Kara resembles Cindy Crawford, and while that's great, Cindy Crawford is a big name to live up to. Kara has a unique look, and it will take time for me to get used to. I'm not saying I don't like her, she has taken some nice photos, but I'll definitely have to get used to her look. Nicole is so awesome. I like the fact that she didn't let Ashley and Lulu influence her friendship towards Bianca. She did exactly like I would have done: she got to know Bianca on her own without letting someone else tell her what was "good for her". She's a very peaceful and serene person so far and I can dig that...not to mention her pictures are awesome!
Laura. Laura. Laura...You are my favorite this season! She is so funny and real. "I use the grocery store aisle as my runway!" I LOVE LOVE LOVE that! She's just so funny and down to earth. I laughed like crazy when she talked about life on the farm and castrating cows! Although she will have to work on her accent (remember Danielle?) if she makes it any further on this show (which I hope that she will).
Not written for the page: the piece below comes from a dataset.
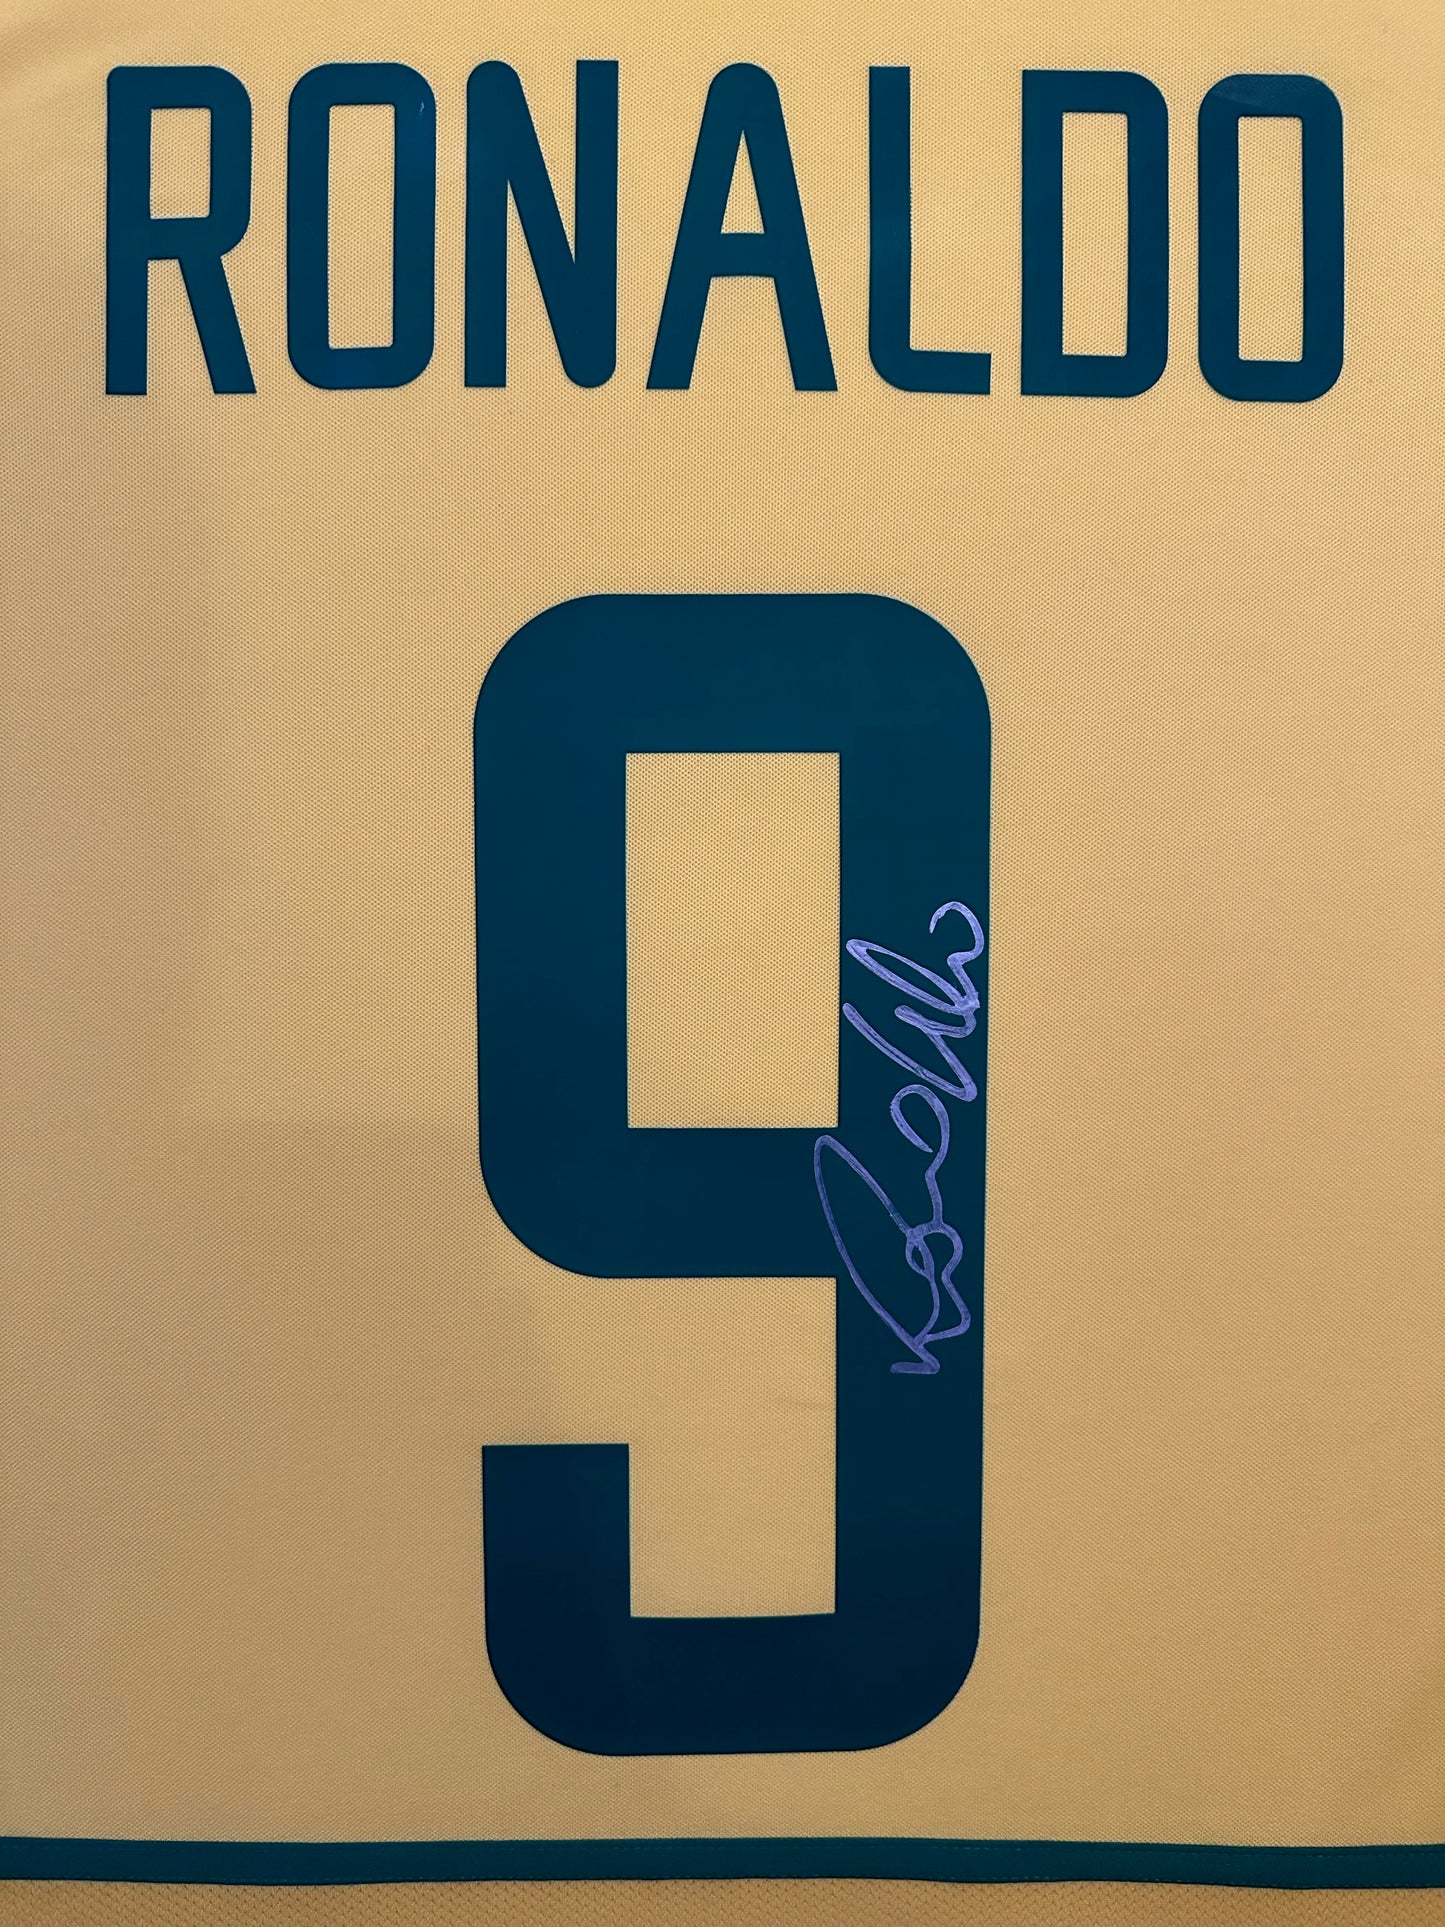 Ronaldo Nazario Brazil 2002 Signed Framed World Cup Home Shirt with COA

Rae is...I don't know yet...she doesn't get a lot of screen time, so it's difficult to tell what her personality is like. I know that I fell in love with her ballet picture though! Her "tall" picture fell a little short (pun intended). Sundai is crazy, but could be a tad bit messy. It was not necessary to tell Bianca what Courtney said, after all Courtney is gone. She's spunky, but I do wish she would learn how to dress for panel! Jennifer is gorgeous! She's like the opposite of Sheena (I loved Sheena's attitude, but not her overly sexy style of posing). She's seems quiet, demure, and very elegant. Whereas I can see Sheena doing Baby Phat, I can't see Jennifer doing it. I can however, see Jennifer doing high fashion. Her "tall" photo was gorgeous. Erin for some odd reason reminds me of Anna Faris and Hermoine from Harry Potter. That's not a bad thing (I love Harry Potter). Her "tall" shot made her legs look endless. Everyone had better not sleep on her, so far she hasn't said much, she's letting her pictures do the talking for her.
All in all the models this season have been better than some of the panel's previous choices (sometimes I wonder about the people they pick!). If they could just remember that this is a competition--you're not there to make friends, you're there to win.--they could do pretty well in the industry. Now, if only Tyra can stop with the painful acting and horrible accent (Super Smize? Really? That was painful to watch). Tyra may want to cut out the theatrics, the last few seasons have been torturous to watch because Tyra comes up with these crazy themes (remember when she was a like a fairy queen dispensing makeovers? or how about the who beaming to and fro?...) and it's getting pretty ridiculous! Love the show though!

OH! AND PLEASE DON'T THINK I HAVEN'T NOTICED HOW THERE IS NOT ONE THICK CHICK ON THE SHOW!!!